Exercise directions – Should a picture appear anywhere in the data, omit it and copy everything else exactly.

Data segment –

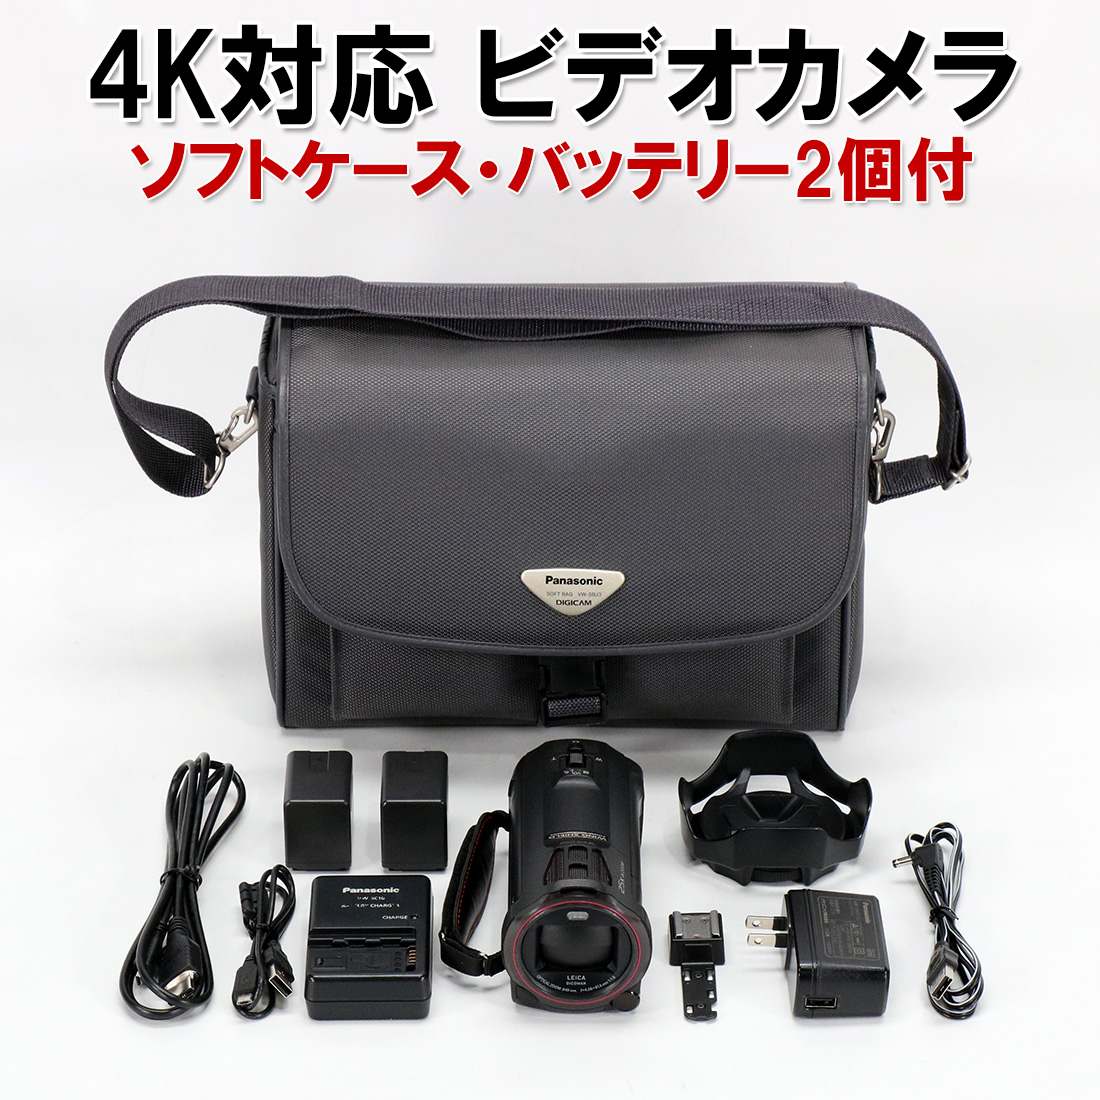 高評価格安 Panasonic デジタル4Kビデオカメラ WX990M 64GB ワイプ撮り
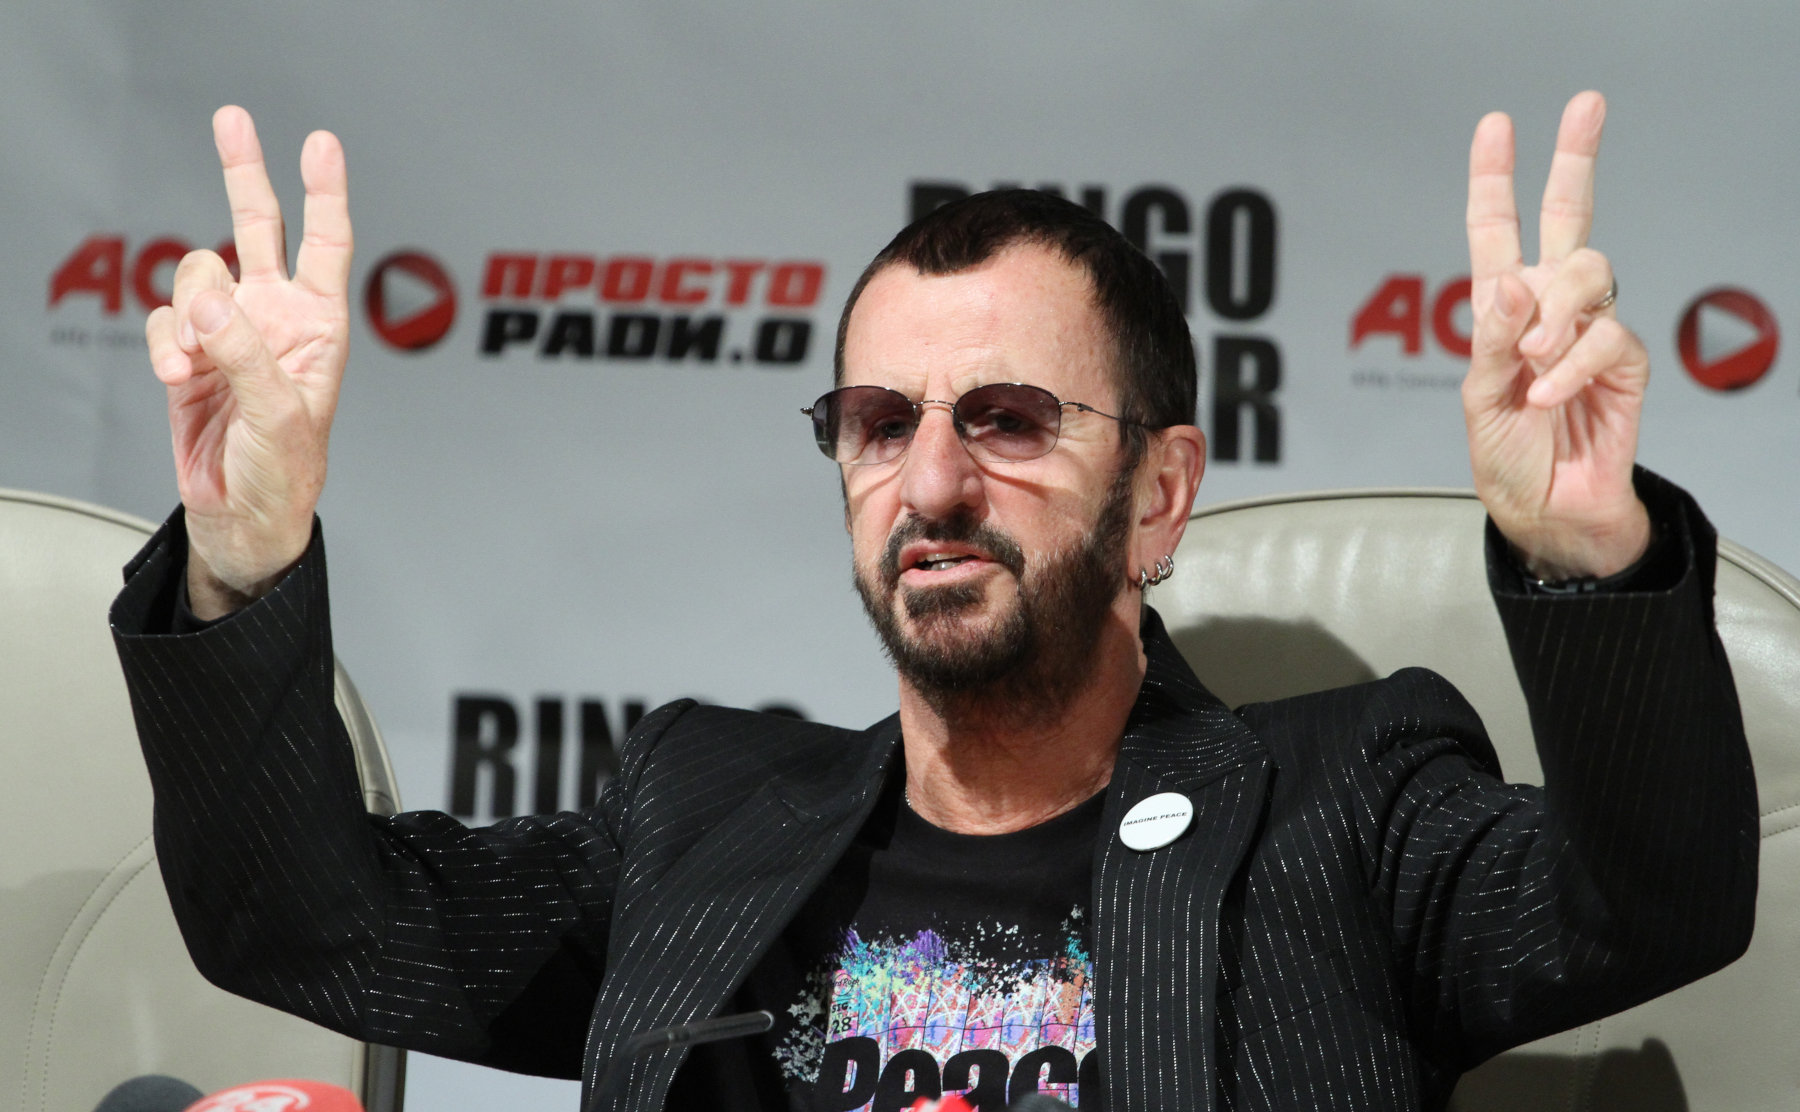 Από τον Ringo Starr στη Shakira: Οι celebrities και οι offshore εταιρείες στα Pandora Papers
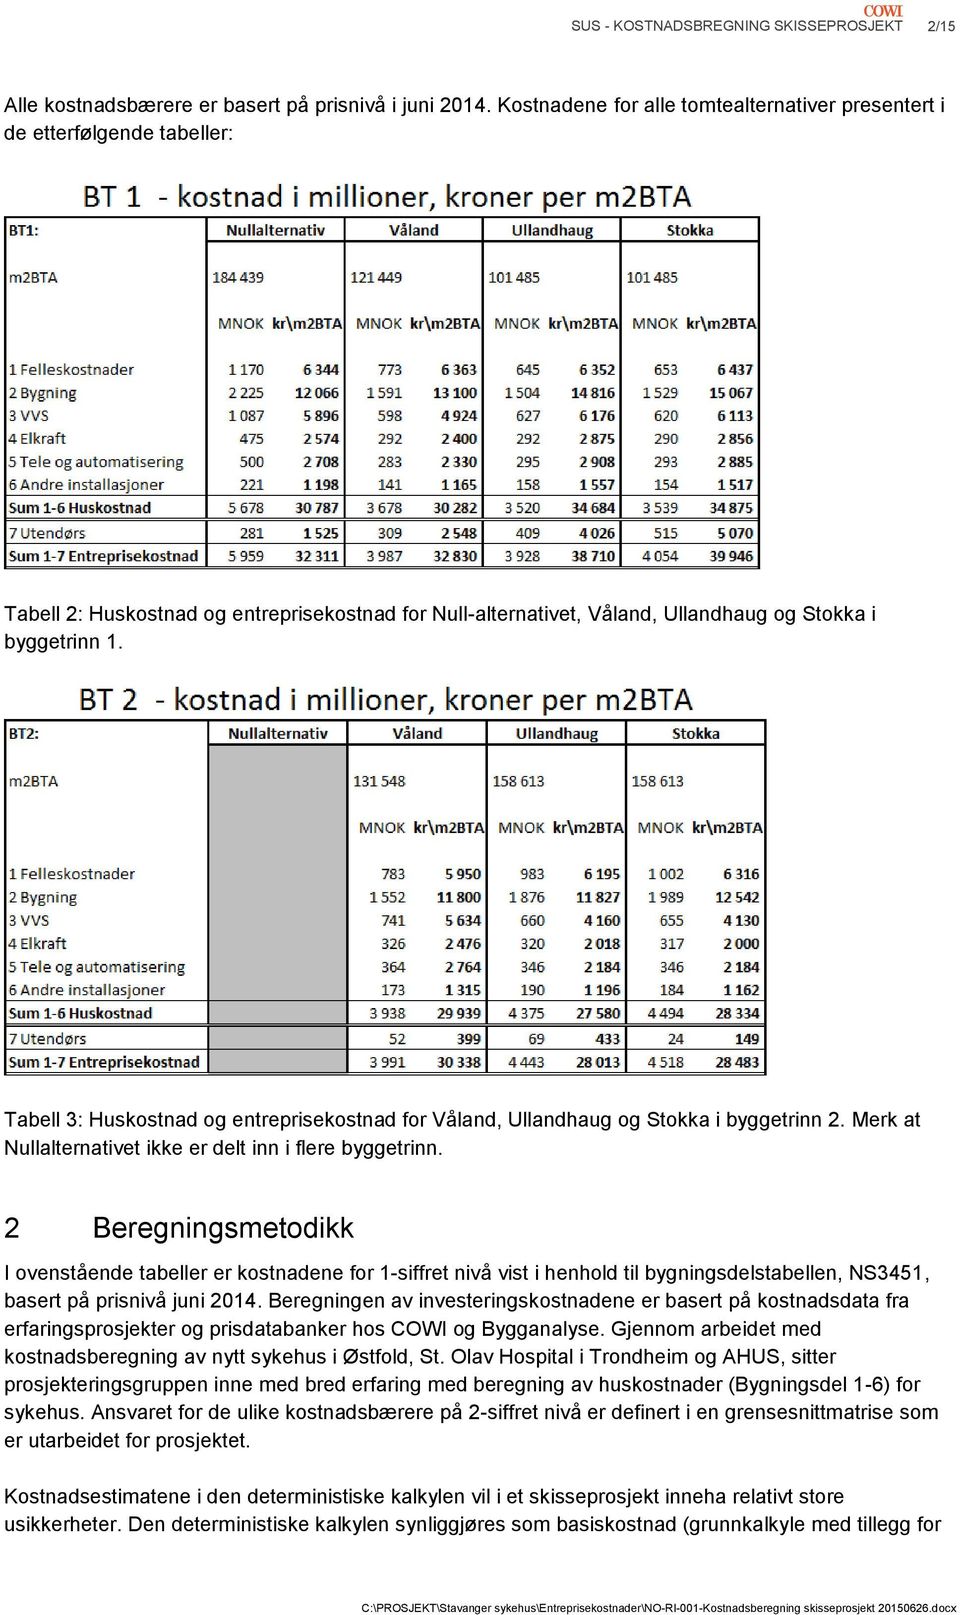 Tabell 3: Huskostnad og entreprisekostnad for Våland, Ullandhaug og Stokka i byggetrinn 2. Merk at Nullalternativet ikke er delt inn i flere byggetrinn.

The completed task –
 高評価格安 Panasonic デジタル4Kビデオカメラ WX990M 64GB ワイプ撮り
 Από τον Ringo Starr στη Shakira: Οι celebrities και οι offshore εταιρείες στα Pandora Papers
 Tabell 3: Huskostnad og entreprisekostnad for Våland, Ullandhaug og Stokka i byggetrinn 2. Merk at Nullalternativet ikke er delt inn i flere byggetrinn.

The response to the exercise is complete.